To introduce the use of the vector, today's exercise is to write a program that processes the names and scores of students in a course, and assigns letter grades (A, B, C, D or F) based on those scores, using the "curve" method of grading. The format of the input file is a series of lines, each having the form:
name scoreAs usual, we will use object-centered design to design our solution.
With a little thought, it should be evident that this problem requires that we process the sequence of scores more than once. More precisely, to assign letter grades using the "curve" method, we must first compute the average and standard deviation of the scores. Once we have these values, we can determine the letter grade corresponding to each score. We must thus process the sequence of scores at least twice.
One way to solve this problem would be to use a file to store the sequence, and then reread the file each time we need to process the values. The problem with this approach is that reading from a file is quite slow compared to reading from main memory -- up to 1000 times as slow!
By contrast, the vector provides a convenient way to store a sequence of values in main memory and to directly access any value in the sequence whenever we wish. A vector thus allows us to process a sequence of values multiple times in a more efficient manner than does a file.
Our program should display a greeting, and then prompt for and read the name of an input file. It should then read a sequence of names and a sequence of scores from the input file. It should then compute the average and standard deviation of the sequence of scores, and display these values. Using the average and standard deviation, it should compute the sequence of letter grades that correspond to the sequence of scores. It should then display each student's name, score and letter grade.
If we examine our behavioral description for objects, we find these:
| Description | Type | Kind | Name |
|---|---|---|---|
| a greeting | string | constant | none |
| The name of the input file | string | varying | inFile |
| a sequence of names | vector<string> | varying | nameVec |
| a sequence of scores | vector<double> | varying | scoreVec |
| the average score | double | varying | average |
| the standard deviation of the scores | double | varying | stdDeviation |
| a sequence of letter grades | vector<char> | varying | gradeVec |
We can thus specify the behavior of our program this way:
Input(keyboard): the name of an input file.
Input(input file): a sequence of names and scores.
Output(screen): the average and standard deviation of the scores,
plus the sequences of names and scores,
and the sequence of corresponding letter grades.
From our behavioral description, we have these operations:
| Description | Defined? | Name | Library? | |
|---|---|---|---|---|
| 1 | Display a string | yes | << | iostream |
| 2 | Read a string | yes | >> | iostream |
| 3 | Read a sequence of names and scores from a file | no | -- | -- |
| 4 | Compute the average of a sequence scores | no | -- | -- |
| 5 | Compute the standard deviation of a sequence scores | no | -- | -- |
| 6 | Compute the sequence of letter grades corresponding to a sequence scores | no | -- | -- |
| 7 | Display sequences of names, scores and letter grades | no | -- | -- |
As you can see, we have a few functions to write.
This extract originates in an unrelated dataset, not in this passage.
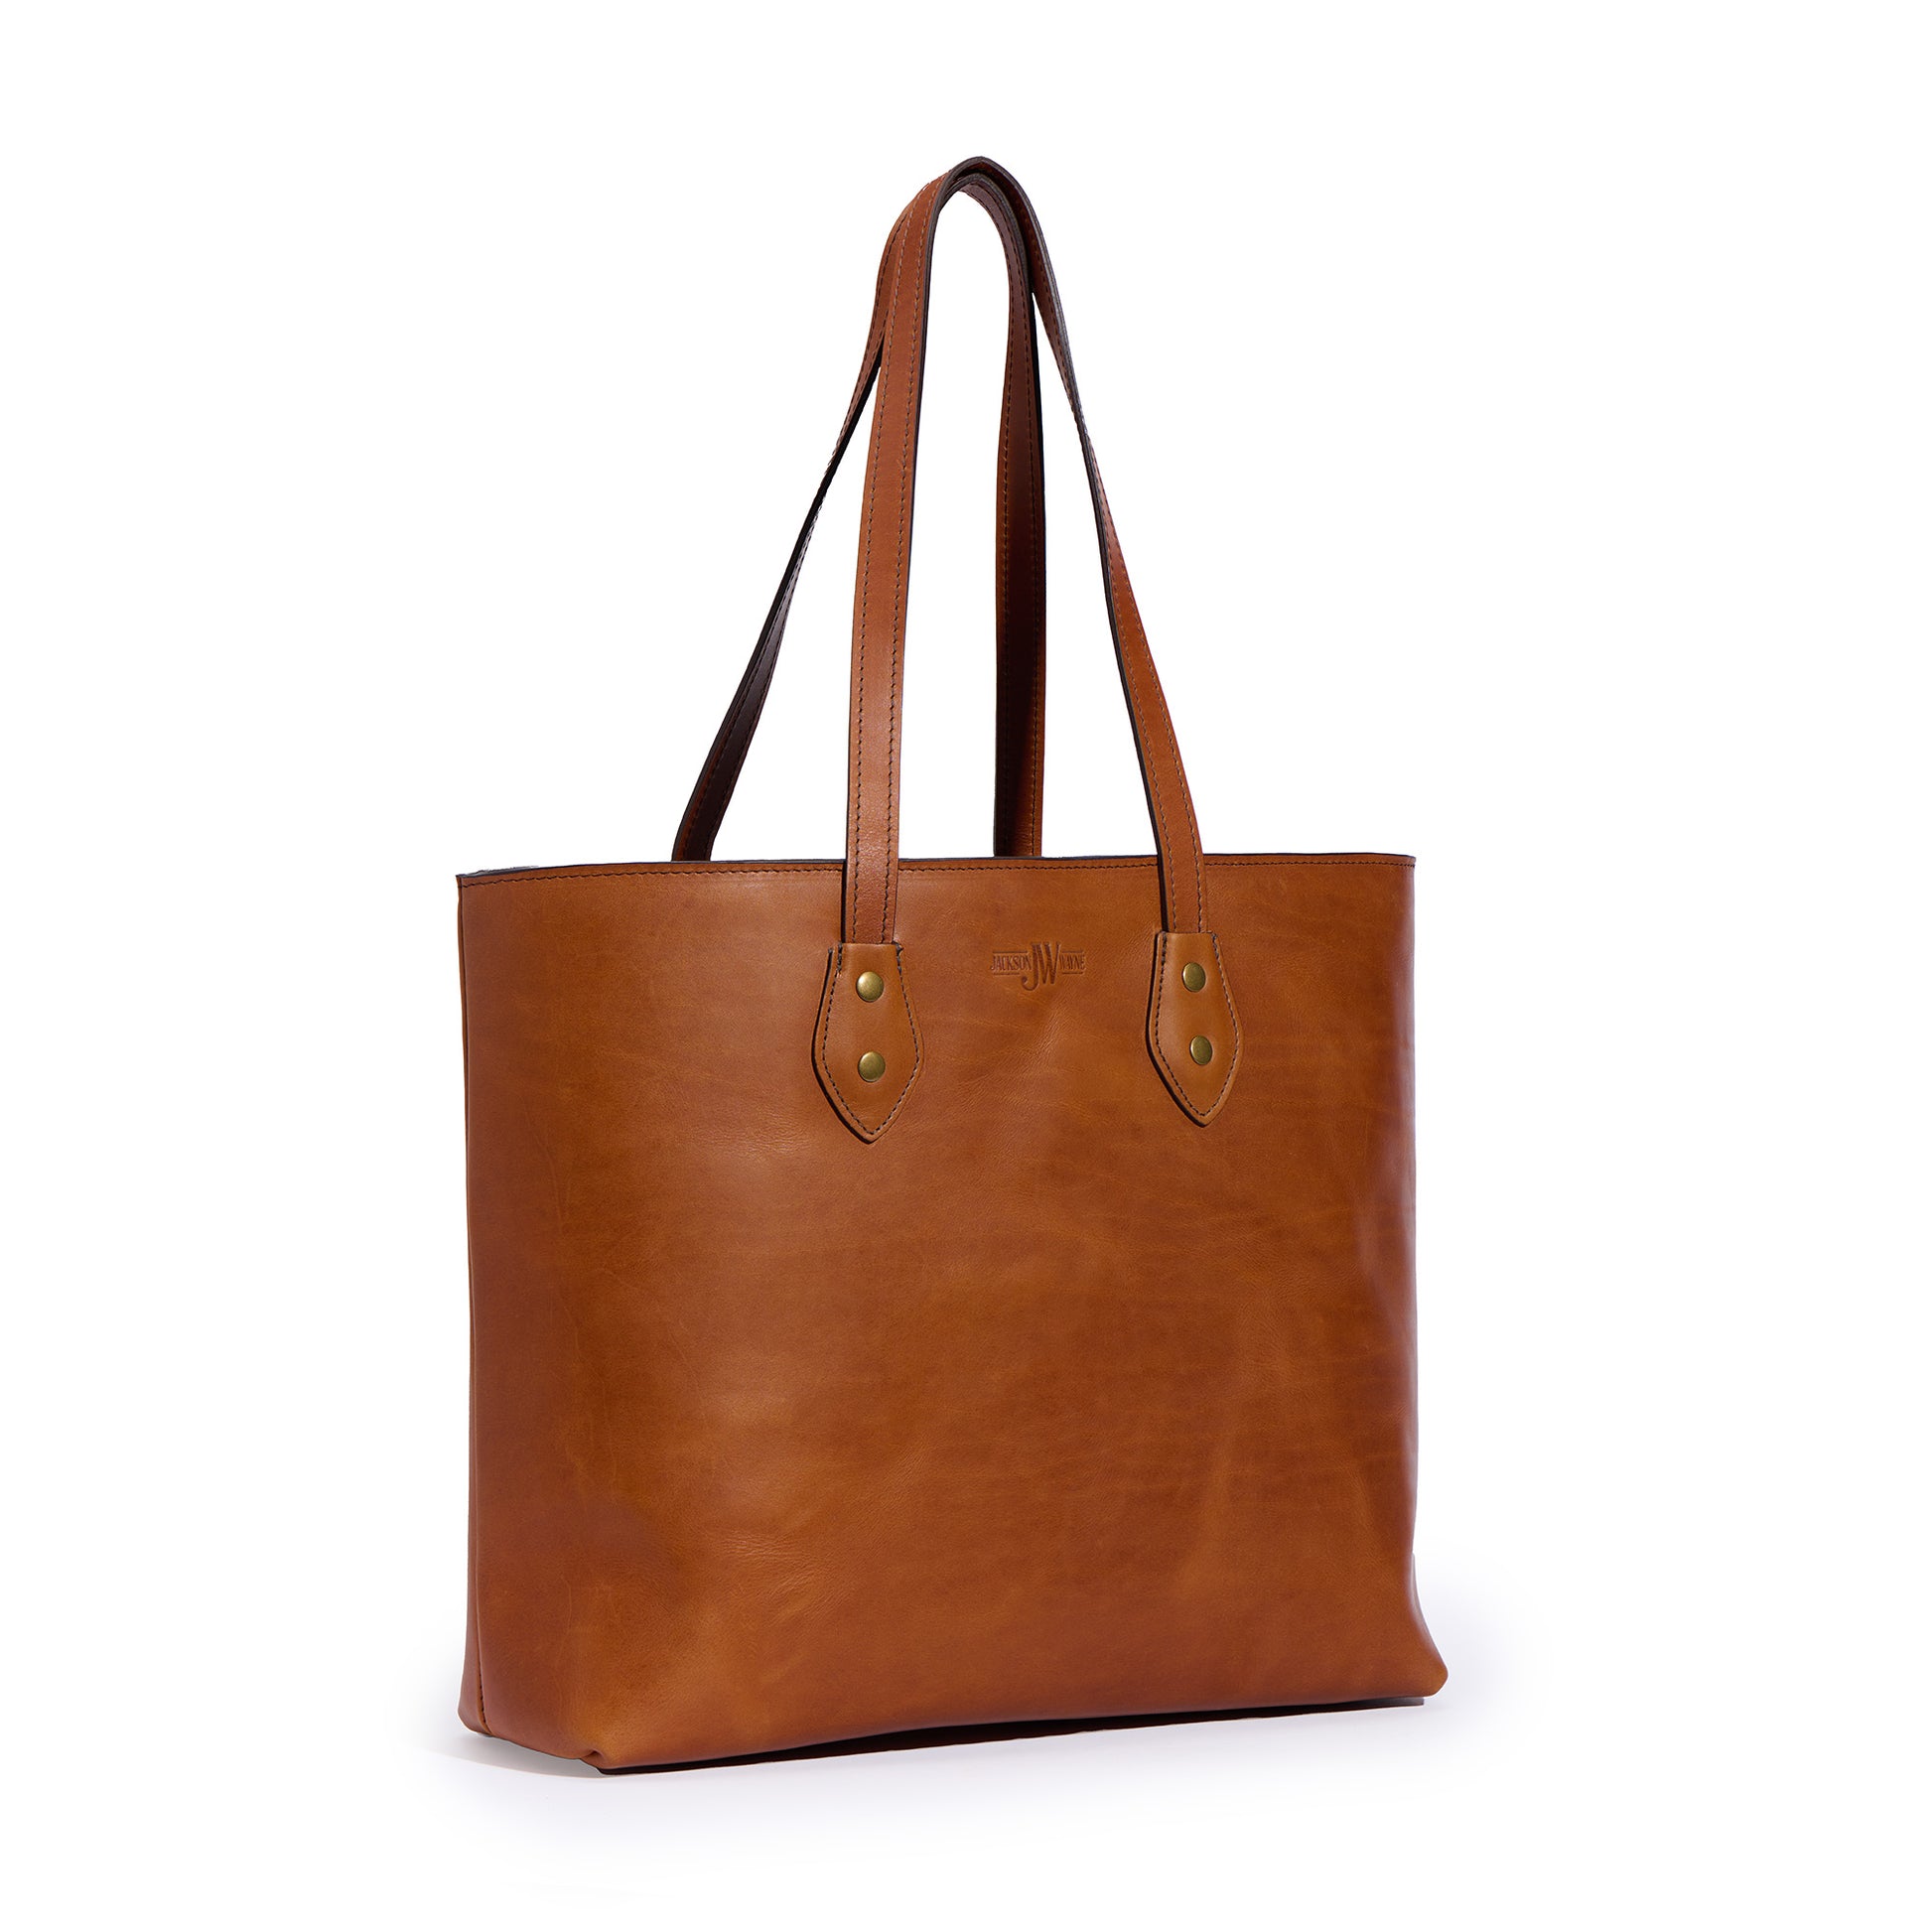 full grain leather tote bag by Jackson Wayne back side angle - saddle tan color

We can organize the preceding objects and operations into the following algorithm:
0. Display a greeting.
1. Prompt for and read the name of the input file.
2. Fill nameVec and scoreVec with values from the input file.
3. Output the mean and standard deviation of the values in scoreVec.
4. Compute gradeVec, a vector of the letter grades corresponding
to the scores in scoreVec.
5. Display nameVec, scoreVec and gradeVec, value-by-value.
We will thus use three different vector objects,
nameVec storing string values,
scoreVec storing double values,
and gradeVec storing char values.
A skeleton program is provided in grades.cpp. Since some of the operations we will be creating are reuseable, we store them in a library, consisting of the header file DoubleVectorOps.h, the implementation file DoubleVectorOps.cpp, and the documentation file DoubleVectorOps.doc. A Makefile is provided in Makefile, Sample data files are provided in scores1.data, scores2.data, and scores3.data.
Make a new directory for this exercise, and then save copies of these files into that directory. Then begin editing the file grades.cpp, and take a few moments to look it over.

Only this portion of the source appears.